TASK TO CARRY OUT: Every line of the material must be restated exactly, though not its pictures.

PROVIDED MATERIAL:

Content starts

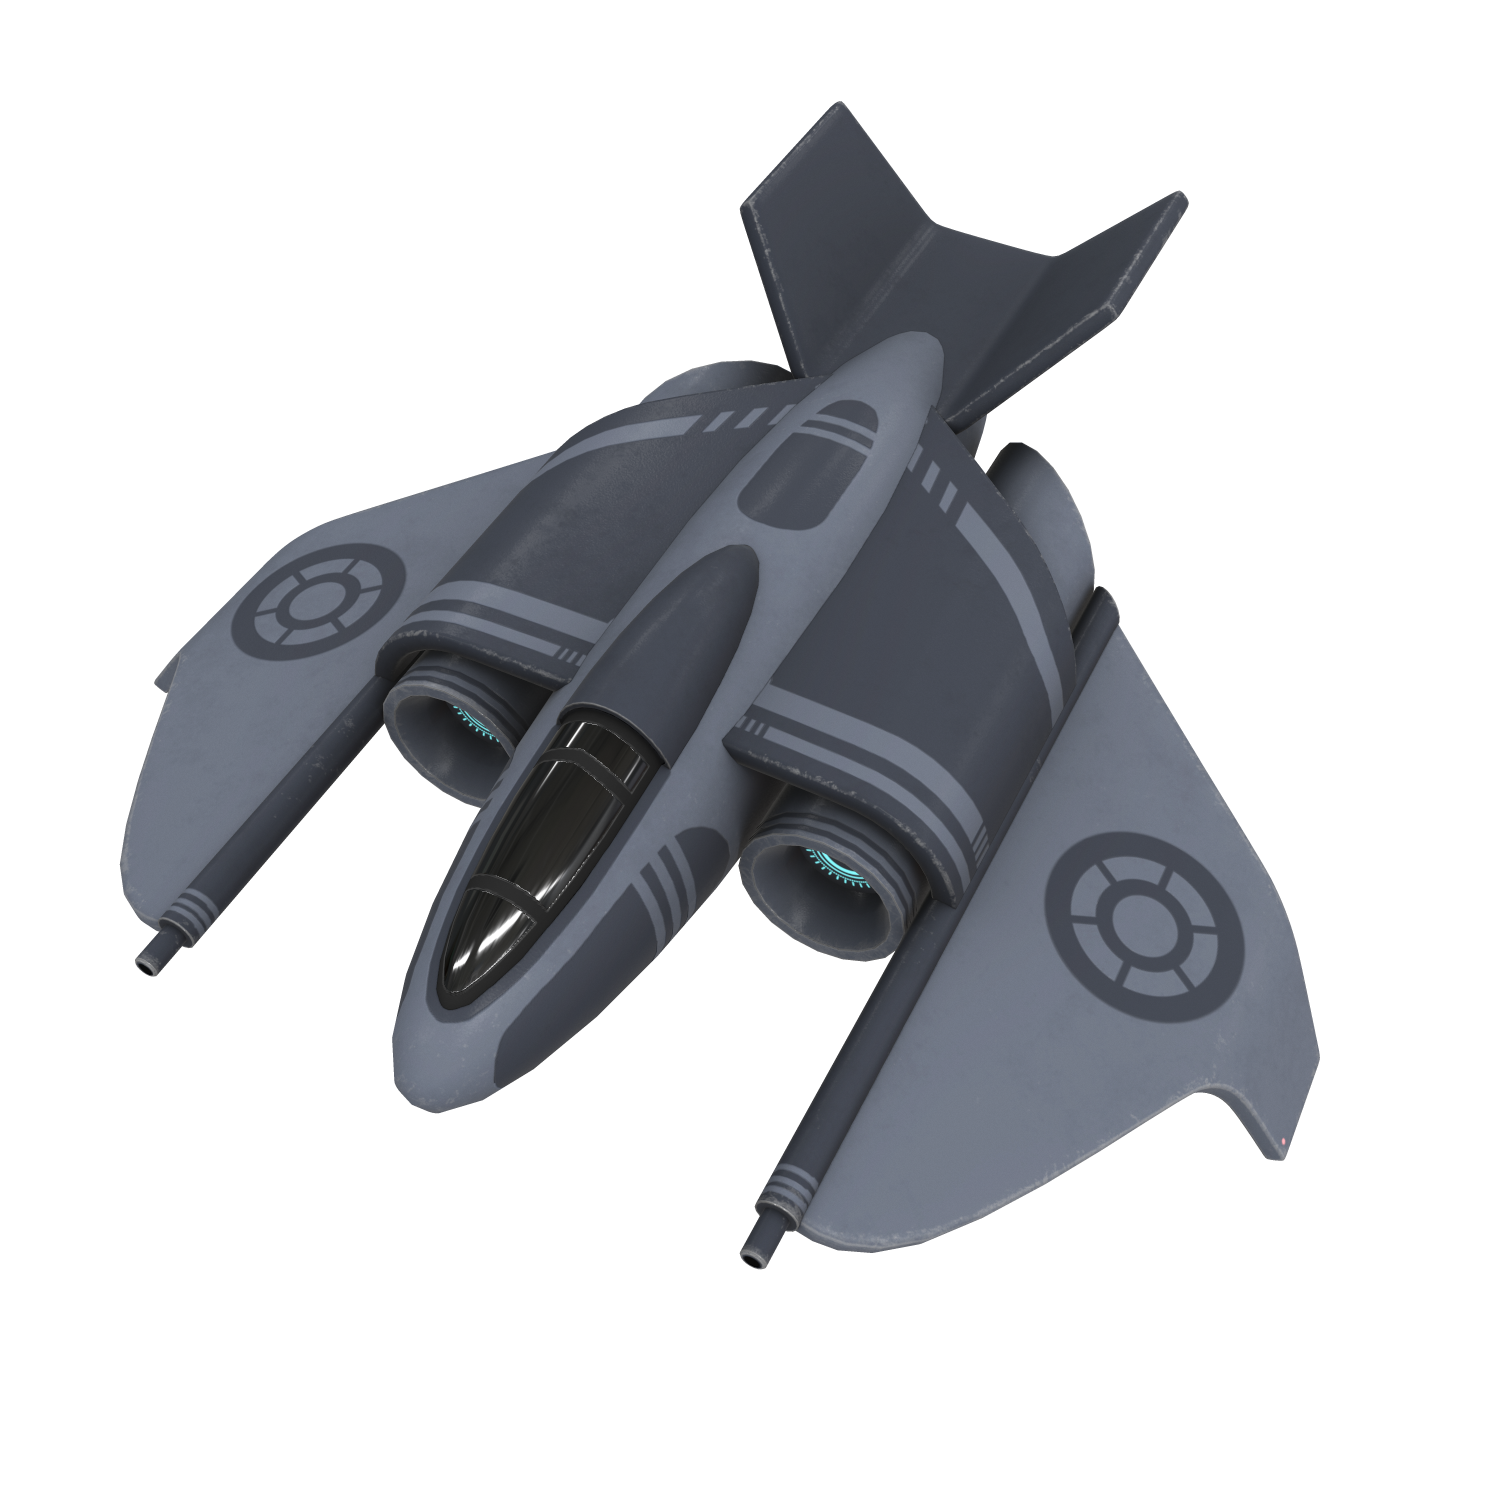 Cranetop friendly spaceship from play-to-earn game Operation Dawn
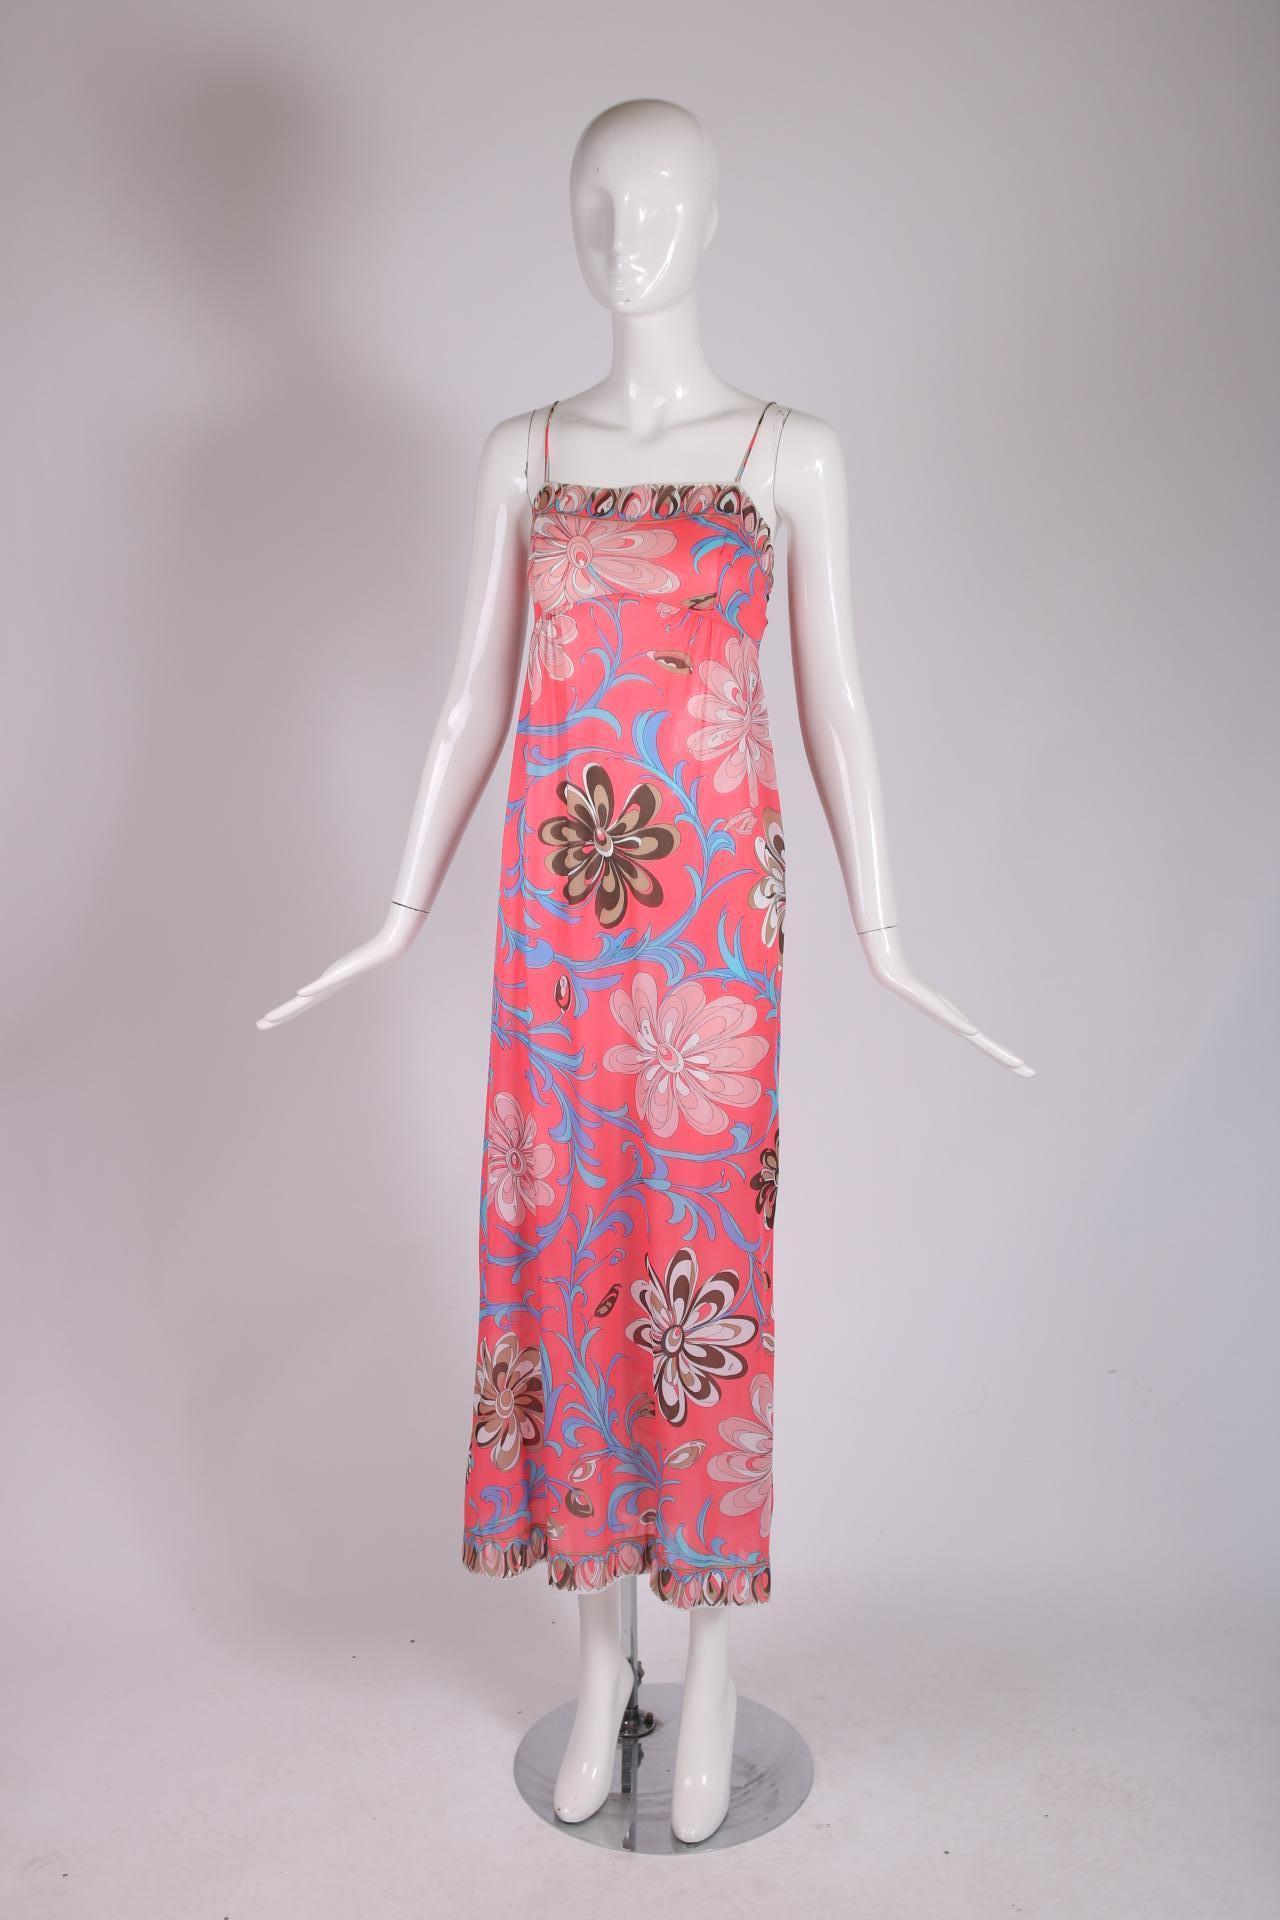 1970's Pucci for Formfit Rogers signature floral printed maxi slip dress in nylon with spaghetti straps and an empire waist. In excellent condition - size tag P. Please consult measurements.

Bust: 30

Content ends

EXERCISE ANSWER:
 Cranetop friendly spaceship from play-to-earn game Operation Dawn
 1970's Pucci for Formfit Rogers signature floral printed maxi slip dress in nylon with spaghetti straps and an empire waist. In excellent condition - size tag P. Please consult measurements.

Bust: 30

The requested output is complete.